Как только все это будет завершено, мы публикуем наш источник данных в одном из созданных нами общедоступных проектов и добавляем тег, который мы планируем использовать позже в качестве фильтра, в данном случае «Самообслуживание».

Доступ к данным

После публикации набора данных нам теперь нужно создать страницу на нашем портале, на которой будут отображаться все доступные наборы данных. Затем мы предоставим ссылки, позволяющие пользователям быстро перейти к AskData для анализа или к Web-Edit для создания новой книги. Мы снова собираемся использовать REST API для поиска всех источников данных, доступных на сайте, и добавить параметр url для фильтрации к тегу, который мы добавили ранее. В итоге получается:

{TableauServer}/sites/{siteID}/datasources?filter=tags:eq:self-service

Ссылка: Источники данных запроса

С возвращенными источниками данных самообслуживания мы затем форматируем их для представления пользователям и добавляем кнопки, которые ссылаются на два упомянутых выше инструмента.

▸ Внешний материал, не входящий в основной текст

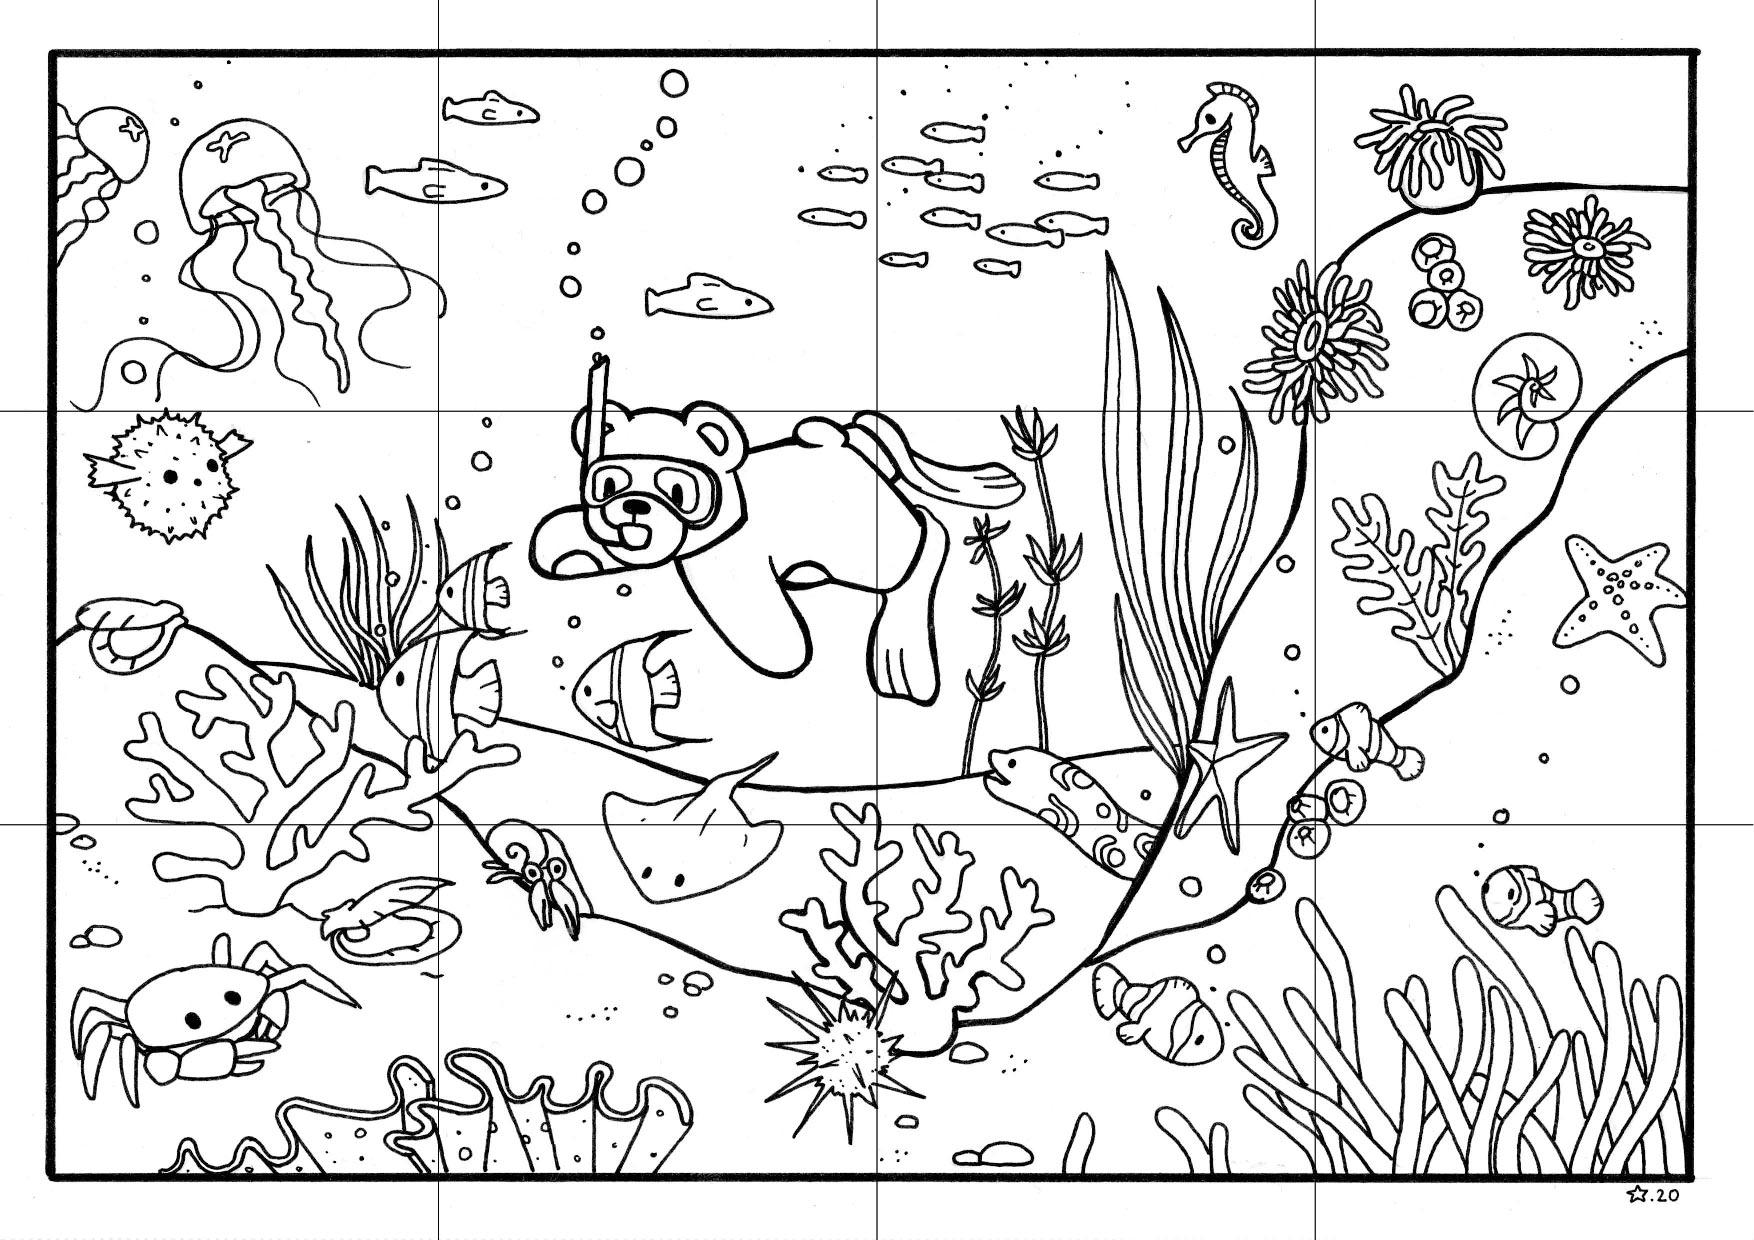 Illustration : coloriage de petit nours qui faire d ela plongée ; decoupé en puzzle

Кнопки переводят пользователя на страницу с фреймом iframe, содержащим встроенное представление соответствующего инструмента. Для AskData это будет выглядеть так:

<iframe src=’http://{Tableau Server}/askData/{DataSourceName}></iframe>

А для веб-редактирования:

<iframe src=’http://{Tableau Server}/authoringNewWorkbook/{Random String}/{DataSourceName}#{Random Number}></iframe>

Примечание. Подстановка любой строки / числа будет работать, однако, чтобы позволить нескольким пользователям одновременно анализировать один и тот же источник данных, рекомендуется использовать случайный генератор для их создания, поскольку они действуют как идентификаторы.

Если мы используем предварительно очищенный источник данных для опубликованной информационной панели и хотим, чтобы пользователь мог легко переходить к очищенным базовым данным, мы также можем добавить ссылки на наши страницы информационной панели.

Бизнес-пользователи теперь могут в полной мере использовать все функции, встроенные в AskData и Web-Edit, прямо на портале. Они смогут видеть добавленные нами описания при наведении курсора на поле, а также дополнительные метаданные (метаданные не отображаются в Web-Edit, только описания).

И они могут создавать визуализации, вводя свои вопросы.

Затем, когда они закончат и нажмите «Сохранить», из-за того, как мы настроили разрешения, единственный вариант, который они увидят, - это их песочница.

Заключение

В этом посте мы создали среду самообслуживания аналитики. Мы предоставили нашим бизнес-пользователям тщательно отобранные источники данных, которые позволяют им задавать собственные вопросы контролируемым образом. Теперь у них есть возможность создавать свои собственные информационные панели и отчеты, к которым они могут получить доступ, не беспокоясь о загроможденном сервере, где другим пользователям нужно копаться в сотнях несертифицированных отчетов. Мы использовали REST API для написания сценария тяжелой работы и обернули все в портал, чтобы создать простой в использовании пользовательский интерфейс. После того, как все настроено, процесс добавления нового пользователя, настройки разрешений, создания нового проекта, предоставления пользователю доступа к набору данных, создания представления и сохранения его для последующего использования может быть записан в один GIF-файл (см. Ниже), а не плохо в течение 45 секунд. Это большой шаг в формировании культуры аналитики в организации.